2020-07-01T04:00:00.574Z info VictoriaMetrics/lib/storage/index_db.go:372 indexDB "/data1/vmdata/indexdb/161B62429BB1E5B0" has been dropped
2020-07-01T04:00:00.581Z error VictoriaMetrics/lib/storage/index_db.go:2607 missing metricName by metricID 1592974931433885494; this could be the case after unclean shutdown; deleting the metricID, so it could be re-created next time
2020-07-01T04:00:00.582Z error VictoriaMetrics/lib/storage/index_db.go:2607 missing metricName by metricID 1592974931435360975; this could be the case after unclean shutdown; deleting the metricID, so it could be re-created next time
2020-07-01T04:00:00.582Z error VictoriaMetrics/lib/storage/index_db.go:2607 missing metricName by metricID 1592974931435362390; this could be the case after unclean shutdown; deleting the metricID, so it could be re-created next time
2020-07-01T04:00:00.582Z error VictoriaMetrics/lib/storage/index_db.go:2607 missing metricName by metricID 1592974931435381426; this could be the case after unclean shutdown; deleting the metricID, so it could be re-created next time
VictoriaMetrics keeps indexdb instance (inverted index for matching labels to time series) that covers -retentionPeriod. It looks like the log captured indexdb rotation, which occurs every -retentionPeriod - the /data1/vmdata/indexdb/161B62429BB1E5B0 has been substituted by /data1/vmdata/indexdb/161B62429BB1E5B2. It is likely the missing metricName by metricID error is related to a bug with handling of non-empty dmis aka a set of deleted metric ids for each indexdb instance. How many missing metricName by metricID... log lines the log contains after the indexdb rotation?
How many missing metricName by metricID... log lines the log contains after the indexdb rotation?
min logs lines is 43, and max is 306 in different nodes
and the time distribution is from 07-01 04:00(utc) to 07-01 05:57(utc)
@n4mine , thanks for the idea about removing dmis.Has check inside Storage.add!
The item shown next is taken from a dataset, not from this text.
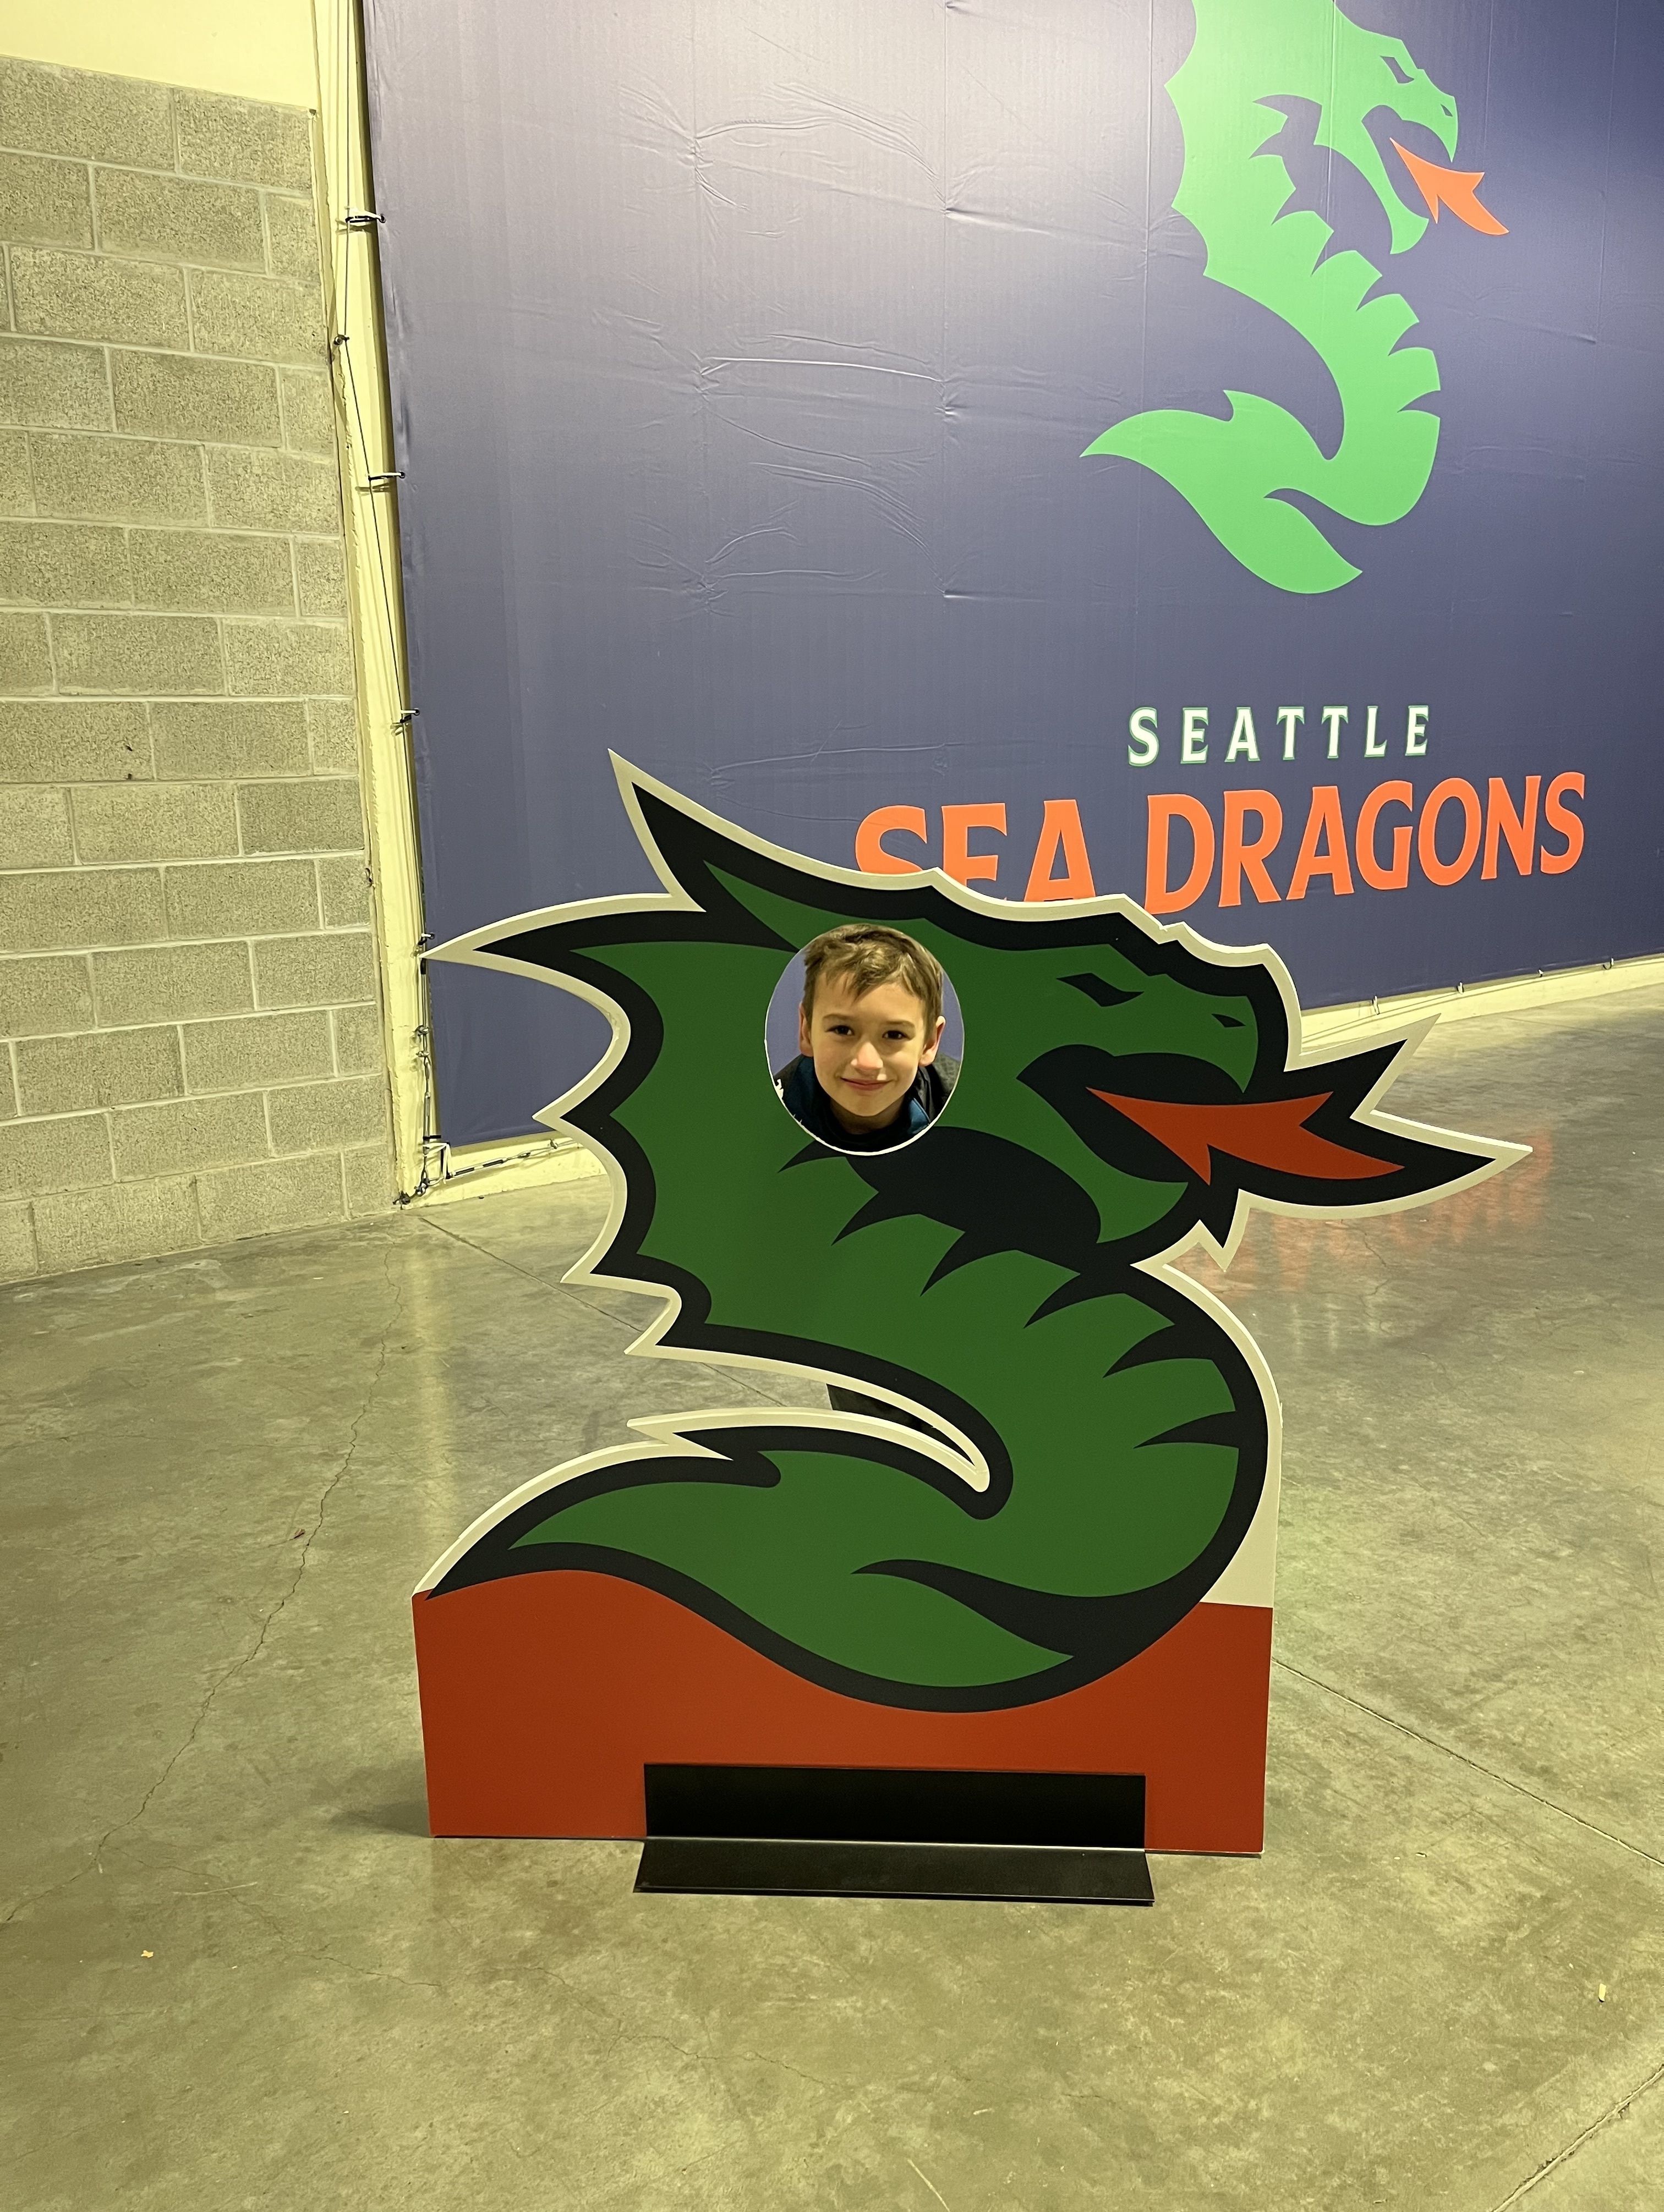 XFL Seattle Sea Dragons vs. Battlehawks - The Ticket
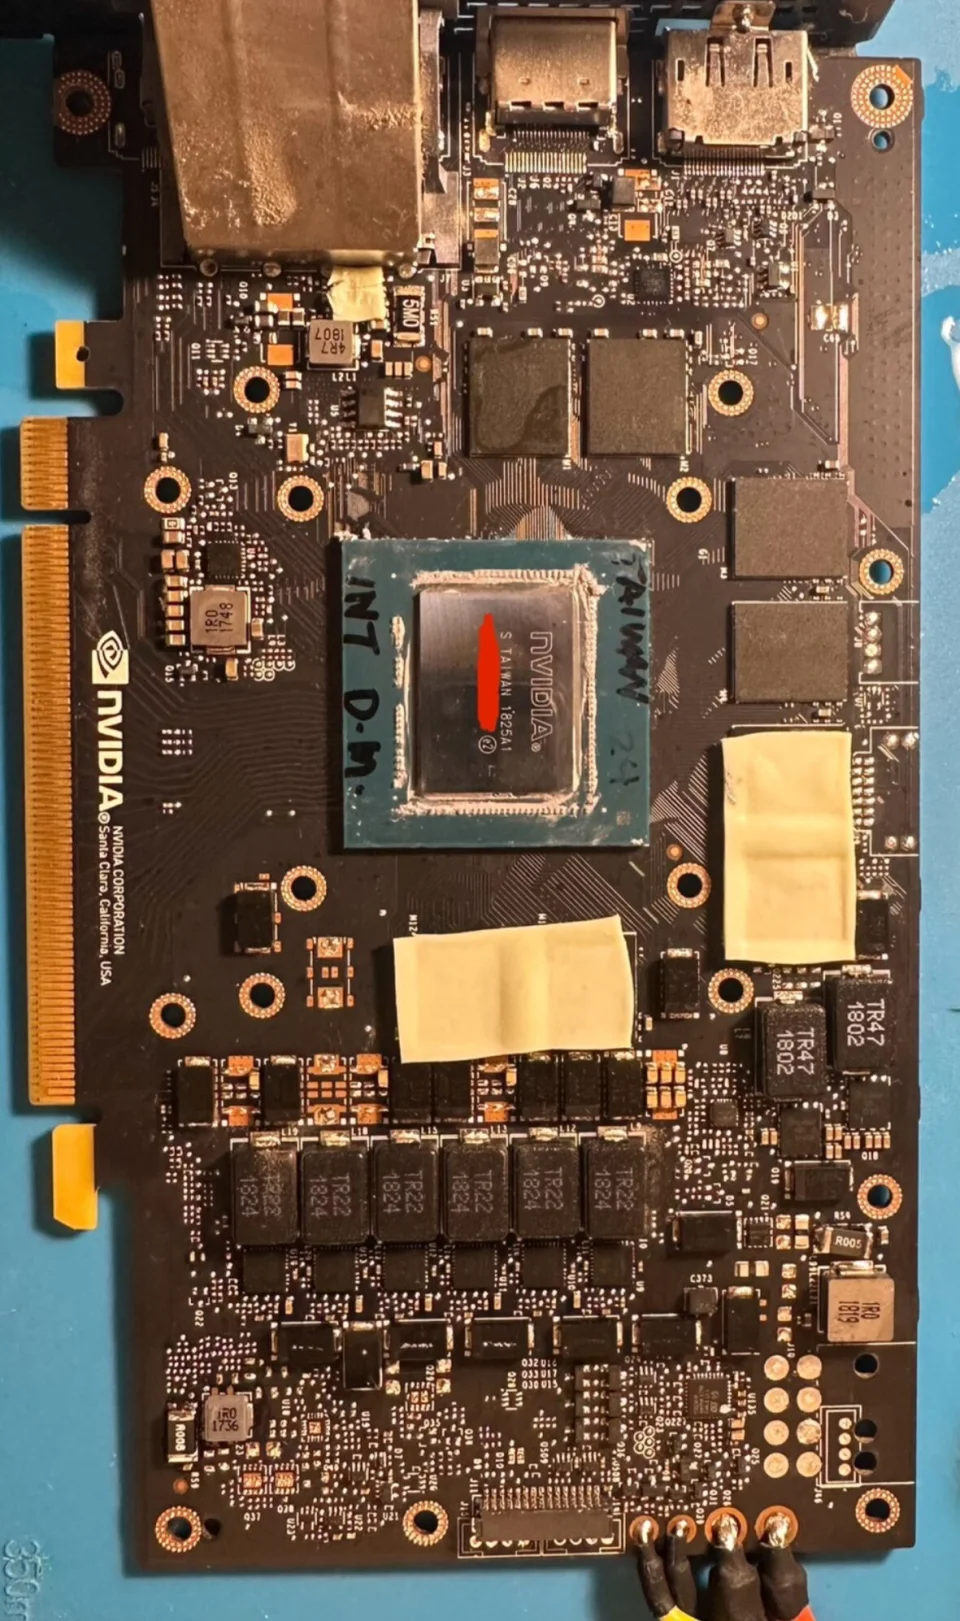 NVIDIA GeForce GTX 960：4GB vs 2GB显存——性能、价格、需求一网打尽  第1张

It has been appeared it is quite easy to implement it by just resetting MetricName->TSID cache after the deletion of time series. This guarantees that the cache won't contain entries for the deleted time series. See the commit fe58462bef9f6c211a036fa1e4f9cf3ced4b9ad4 .
@valyala
thanks a lot.
BTW, i have split cluster horizontally from 1 to 4 yesterday by namespace in our business scenario.
i will continue to observe this case until next retentionPeriod reach.
thanks again :)
FYI, the commit that removes dmis.Has calls from data ingestion path has been included in v1.38.0 release.